There are bits present that allow AN bypass if it doesn't complete in
a certain time, but that's an entirely separate issue - especially
when there's SGMII PHYs that we have no access to!

Sorting out these nuances over the life of phylink so far has been
"interesting".
Marcin Wojtas Jan. 1, 2018, 10:18 a.m. UTC | #16
Hi Russell,

2017-12-30 18:31 GMT+01:00 Russell King - ARM Linux <linux@armlinux.org.uk>:
> Hi Marcin,
>
> On Sat, Dec 30, 2017 at 05:34:23PM +0100, Marcin Wojtas wrote:
>> Yes, I already split the series and will send first one right away. I
>> will be followed by MDIO bus / PHY handling proposal, including the
>> bits related to phylink. I'm looking forward to your opinion on that
>> once sent.
>
> I'm looking forward to the patches. :)
>
>> This my understanding of how the PP2 HW works in terms of signalling
>> the link interrupt:
>>
>> The full in-band management, similar to mvneta is supported only in
>> the SGMII mode (1G, not sure how it looks like in 2.5G mode). Such
>> handling is not yet implemented in the mvpp2.c
>>
>> 10G:
>> The XGMII MAC (XLG) is capable of generating link status change
>> interrupt upon information provided from the reconciliation layer (RS)
>> of the interface.
>>
>> 2.5G/1G SGMII:
>> Apart from the in-band management, the MAC is also capable of
>> generating IRQ during link-status change.
>>
>> 1G RGMII:
>> I was a bit surprised, but checked on my own - the link change IRQ can
>> be generated here as well.
>>
>> In addition to above the clause 22 PHYs can be automatically polled
>> via SMI bus and provide complete information about link status, speed,
>> etc., reflecting it directly in GMAC status registers. However, this
>> feature had to be disabled, in order not to conflict with SW PHY
>> management of the phylib.
>>
>> Stefan, is above correct?
>
> This sounds very much like mvneta's 'managed = "in-band"' mode.

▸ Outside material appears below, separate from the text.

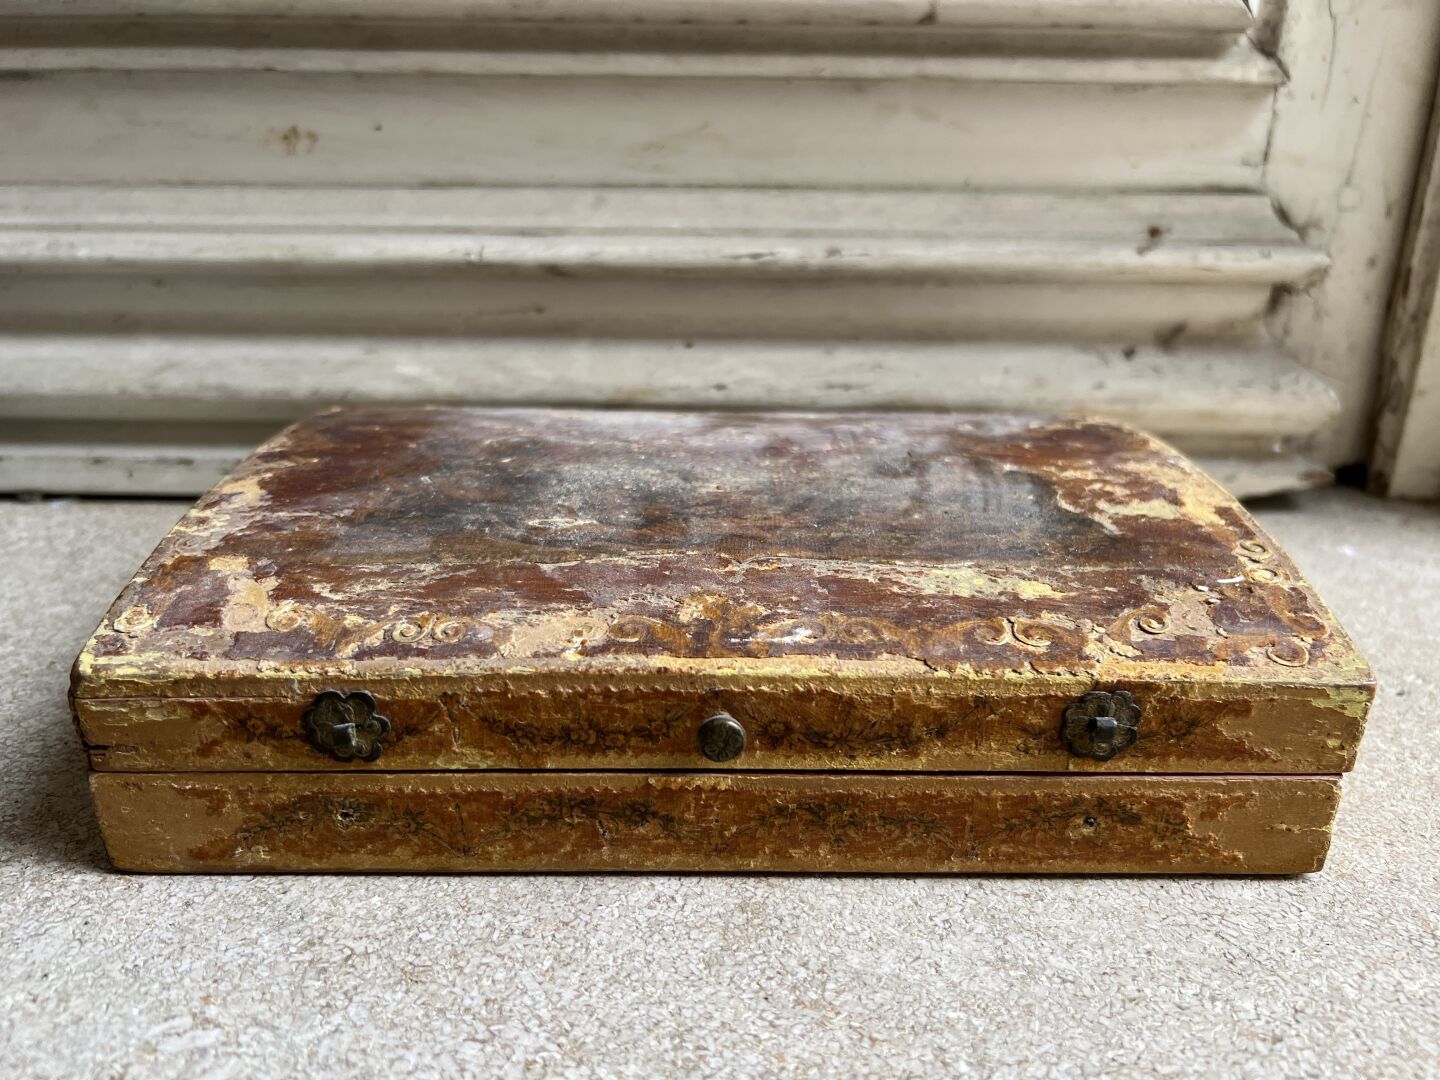 Null 18世纪的马丁清漆游戏盒。
22,5 x 18 cm
如是

Indeed. RGMII MAC behaves same way, although it shouldn't be named as
'in-band' to be on par with the specifications. Anyway - this one is
rather a stub for being able to work with ACPI, so once the MDIO bus
works there, this will be out of any concerns.

>
> Having done some research earlier this month on the "2.5G SGMII" I have
> a number of comments about this:
>
> 1. Beware of "SGMII" being used as a generic term for single lane serdes
>    based ethernet. Marvell seem to use this for 802.3z BASE-X in their
>    code, but it is not. SGMII is a modification of 802.3z BASE-X by
>    Cisco.  This leads to some confusion!
>
> 2. For Cisco SGMII running at 2.5G, PHYs such as those from Xilinx do not
>    support the speed bits, because the speed is defined to be 2.5G.  IOW,
>    they do not support 250Mbps or 25Mbps speeds by data replication as is
>    done with 100Mbps and 10Mbps over 1G SGMII.
>
> 3. There is also 1000BASE-X upclocked to 2.5G speeds, which mvneta and
>    mvpp2 both support by appropriate configuration of the comphy.  I've
>    already tested this with 4.3Mbps Fiberchannel SFPs between clearfog
>    and mcbin - but needing devmem2 to reconfigure the clearfog comphy.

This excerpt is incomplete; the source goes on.